Car Buyers Start Splurging, Breaking Records for Monthly Payments of $1000+ As Cost of Financing Soars
Financing a new or used vehicle has become more expensive for consumers, driving up the share of monthly payments over $1,000 to record highs in the last quarter of 2022, according to new data from Edmunds.
“Just as new and used car prices finally started to cool off in Q4, rapidly rising interest rates created an even greater barrier to entry for consumers who rely on financing — which is the vast majority of car shoppers,” said Ivan Drury, Edmunds’ director of insights.
In Q4 2022, 15.7% of new car buyers who financed their vehicles agreed to pay monthly payments of $1,000 or more, versus only 10.5% of new car buyers in the same period the year before, and just 6.7% in 2020. The Q4 2022 numbers are the highest the share of $1,000+ monthly payments has ever been.
The rising costs are driven largely by higher interest rates. The average annual percentage rate (APR) on new vehicles has gone up to 6.5% in Q4 2022 from 5.7% in Q3 and 4.1% in Q4 2021. New cars, and in effect used cars, have also started becoming more widely available again towards the fourth quarter of last year, coming from a slowdown in production due to a global supply chain bottleneck.

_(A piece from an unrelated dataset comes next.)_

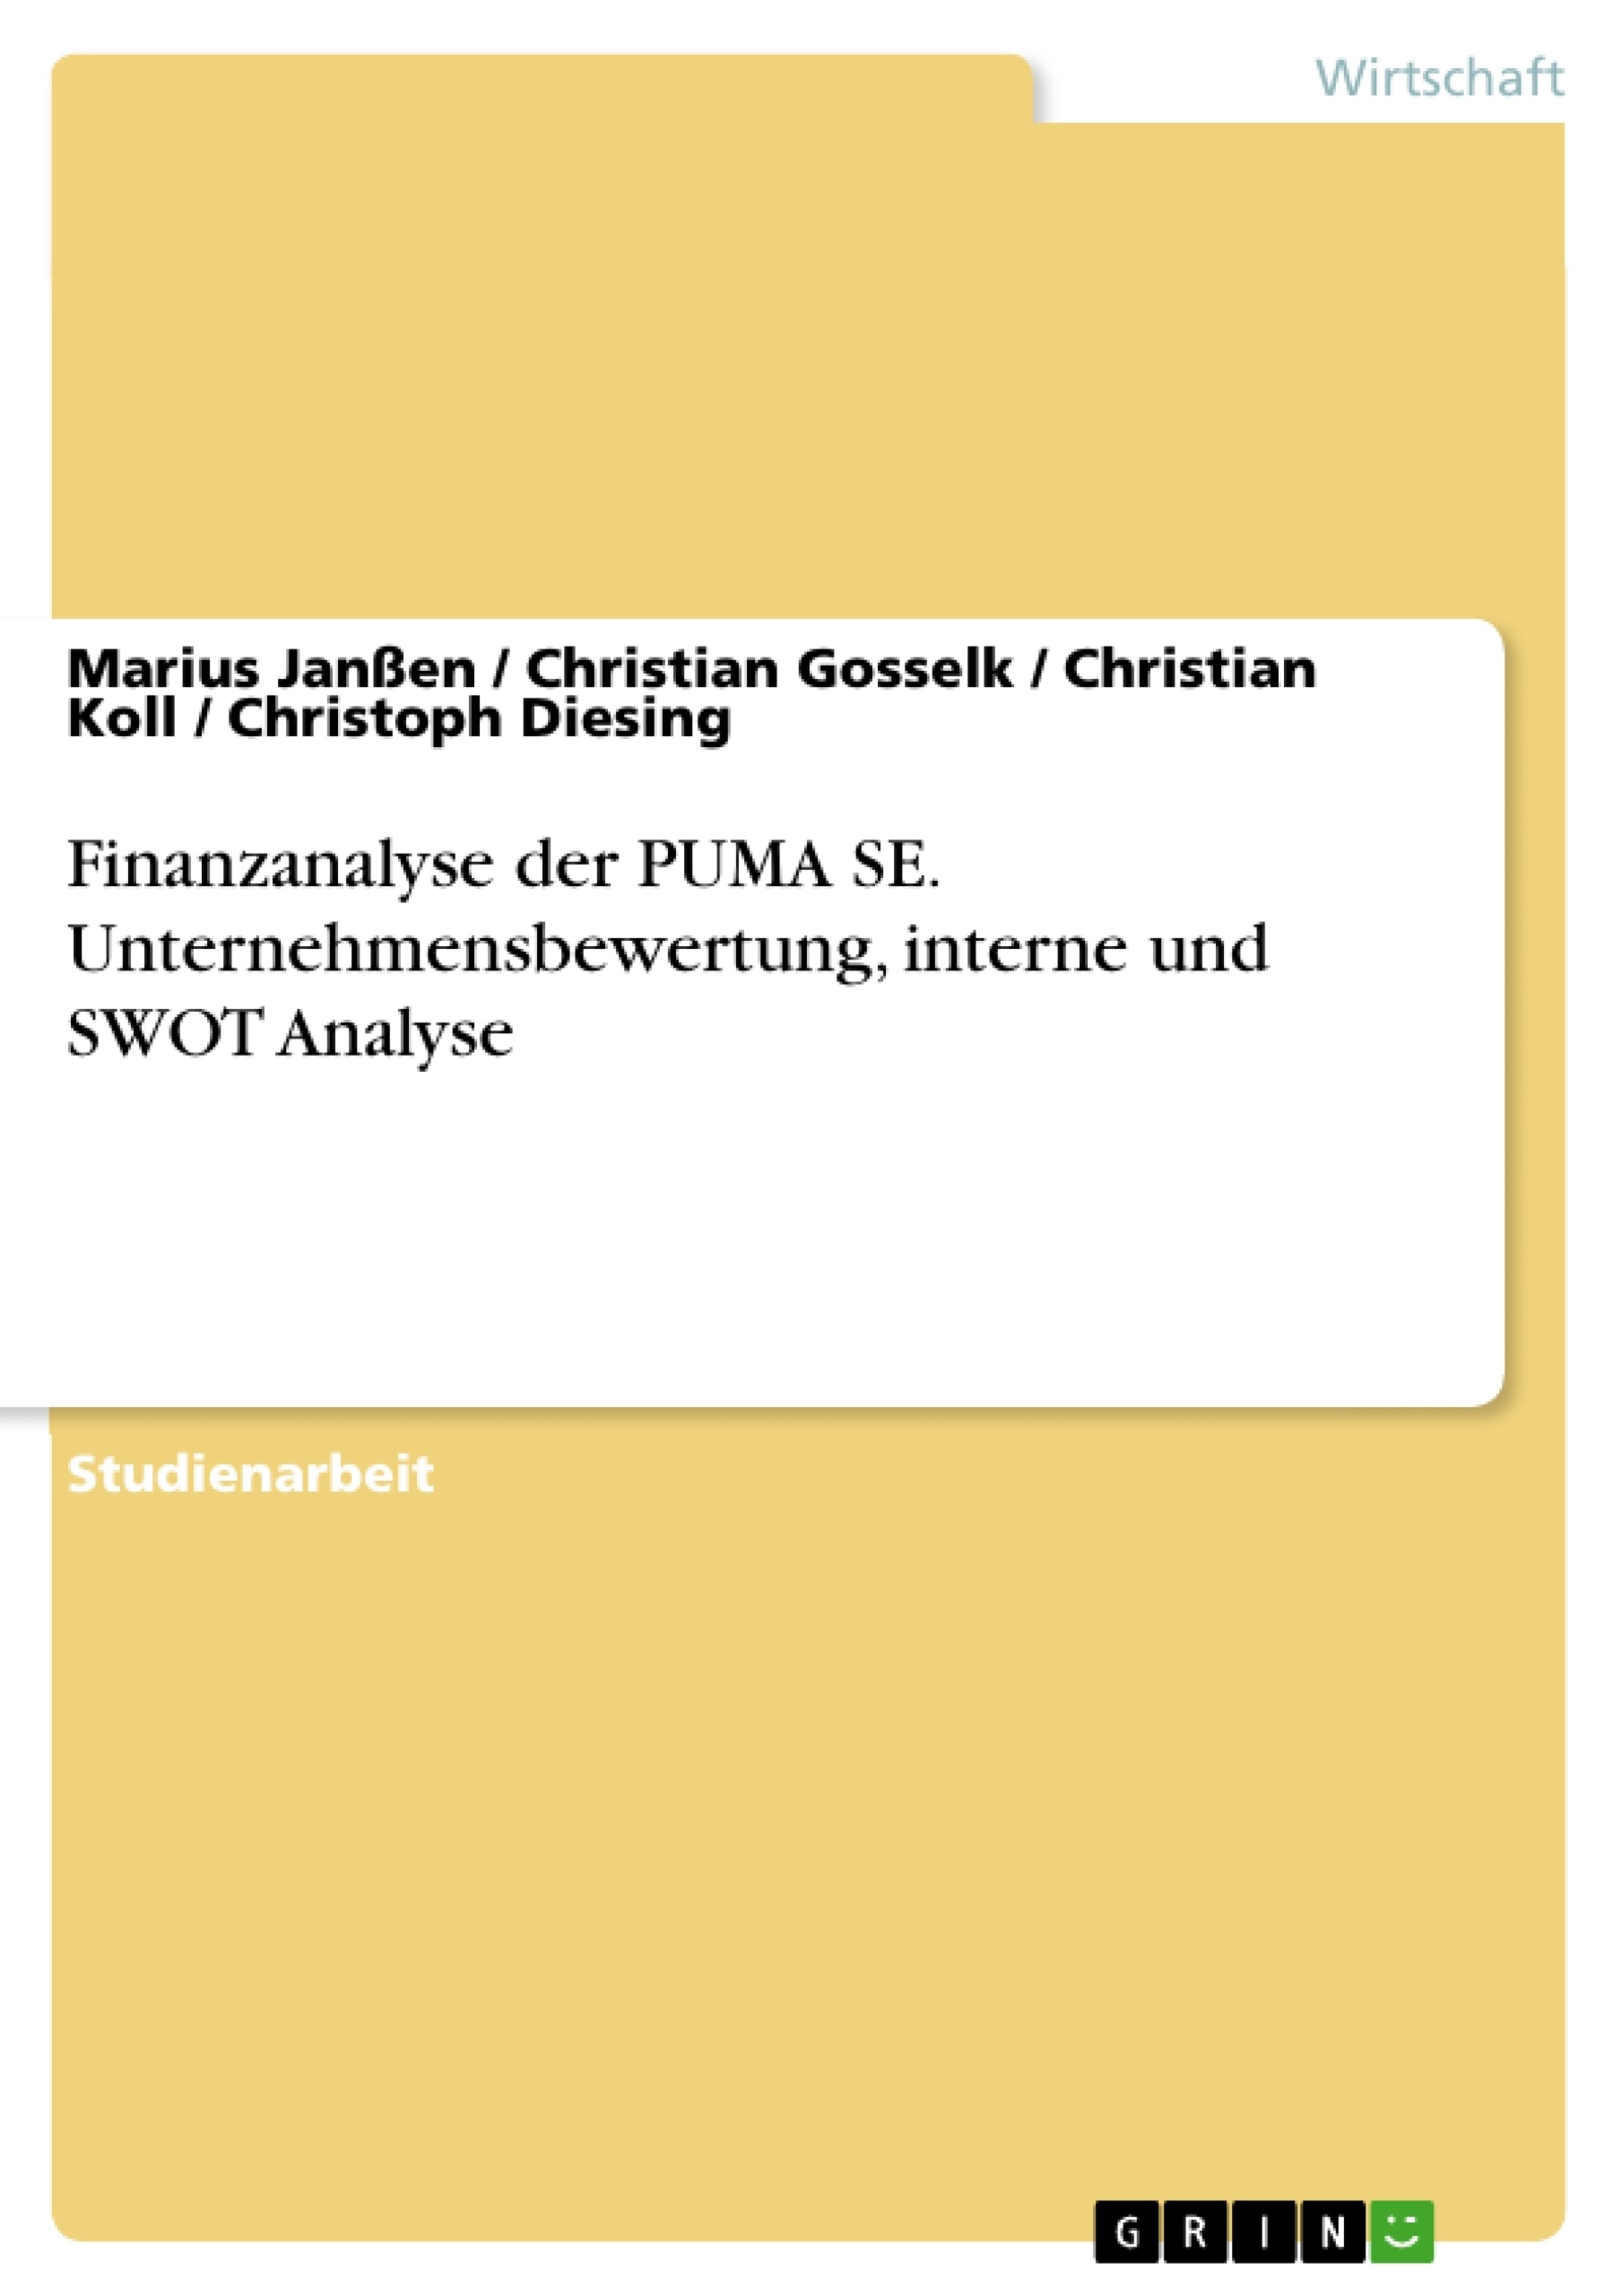 Title: Finanzanalyse der PUMA SE. Unternehmensbewertung, interne und SWOT Analyse

Buying used vehicles remains increasingly expensive, even as used car values are cooling. The share of those committing to $1,000+ monthly payments has also risen to a record high of 5.4% in Q4 2022 from 3.9% the year before, and 1.5% in 2020. The APR on used vehicles also went up to 10% in Q4 2022 from 9% in Q3 2022 and 7.4% in Q4 2021.
To offset the rising costs of financing, Edmunds found that consumers are paying bigger down payments. The average down payment for new and used vehicles also reached record highs in Q4 2022 at $6,780 and $3,921, respectively.
Drury also pointed out a change in pattern for luxury shoppers towards the end of the year. A growing number are opting to buy the vehicles instead of leasing them. New-vehicle lease penetration dropped to 16% in Q4 2022, when it was at 29% in Q4 2019. The penetration rate for luxury new-vehicle lease also fell, from 53% in Q4 2019 to just 26% in Q4 2022.
“Although the last quarter of the year typically skews toward luxury vehicle purchases, this near-record percentage of vehicles that are being purchased rather than leased reflect tougher market conditions far more than affluent consumers shelling out a bit more than usual to treat themselves over the holiday season,” Drury added.
The company’s analysts warn that the combination of more expensive financing and cooling used car values could lead to headaches for some consumers.
In Q4 2022, 17.4% of new vehicle sales with a trade-in had negative equity, compared to 14.9% in Q4 2021 and 31.5% in Q4 2020. The average amount owed on upside-down loans was $5,341 in Q4 2022, compared to $4,141 in Q4 2021 and $5,059 in Q4 2020.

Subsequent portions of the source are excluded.